Cydistinae

Scientific classification
- Kingdom: Animalia
- Phylum: Arthropoda
- Clade: Pancrustacea
- Class: Insecta
- Order: Coleoptera
- Suborder: Polyphaga
- Infraorder: Elateriformia
- Superfamily: Elateroidea
- Family: Phengodidae
- Subfamily: Cydistinae Paulus, 1972
- Genera: Cydistus 6 spp. Microcydistus 1 sp.

= Cydistinae =

Subfamily of beetles

The Cydistinae are a subfamily of phengodid beetles (Phengodidae) commonly known as glowworms. It contains the genera Cydistus and Microcydistus. The Cydistinae were until recently, incertae sedis due to their strange morphological characteristics, however molecular phylogenetics have shown them to be members of the Phengodidae. Unlike other Phengogidae, which are found exclusively in the Americas, Cydistinae are found in western Asia, including Southern and eastern Turkey, Jordan, Israel, Iraq, Iran, and possibly Syria.

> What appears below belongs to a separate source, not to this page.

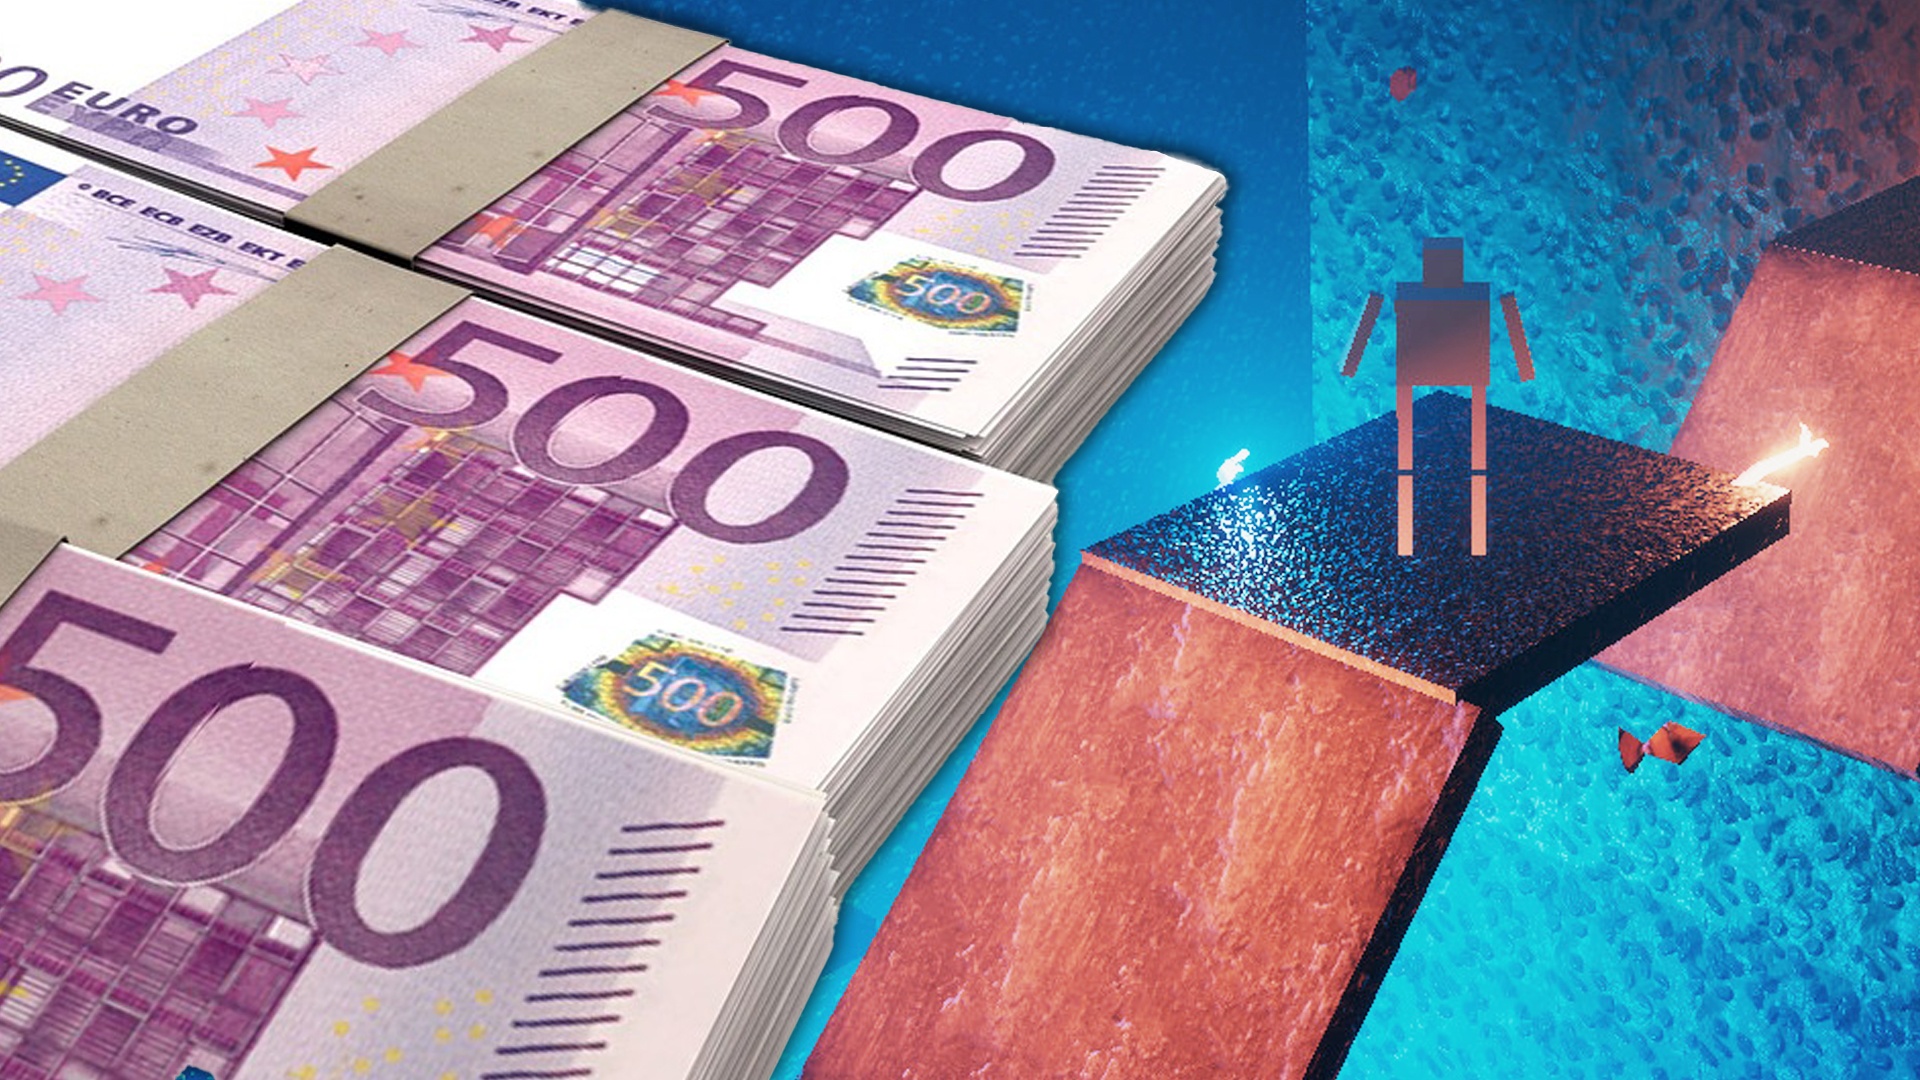 #Teuerstes Steam-Spiel kostet erst halbe Million Euro, jetzt gar nichts mehr – was ist da los?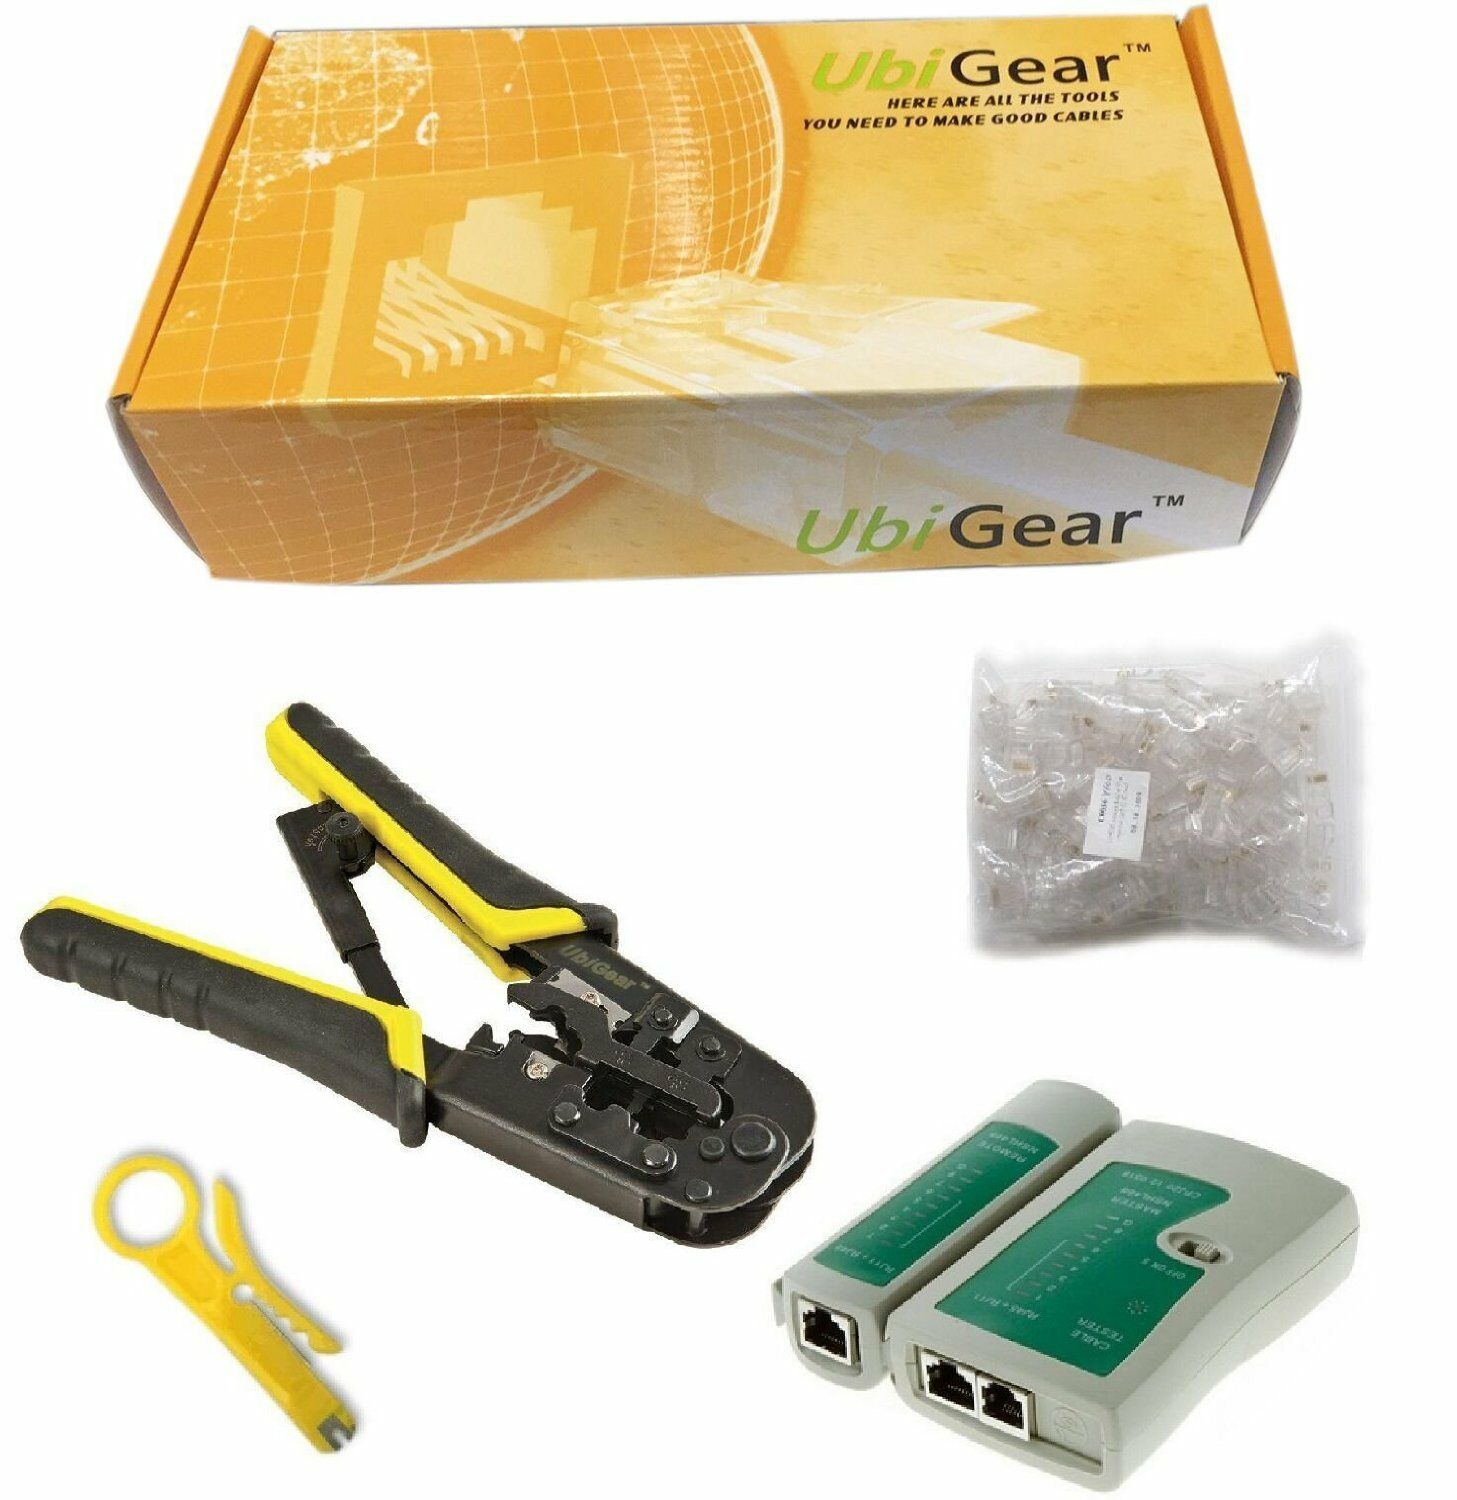 Ubigear® Network Tester +crimp Crimper + 100 Rj45 Cat5e Connector Plug Tool Kits

The biology of Cydistinae larva and adult females are not known, as only adult males have been described thus far. But, given that all the known larvae and neotenic larva-like females of the closely related Rhagophthalmidae and Phengodidae are bioluminescent, live in leaf litter and soil, and feed on millipedes, the larva and females of the Cydistinae likely possess similar characteristics.

The Cydistinae represent the earliest diverging lineage of the Phengodidae yet known, and are also sister to the Rhagophthalmidae.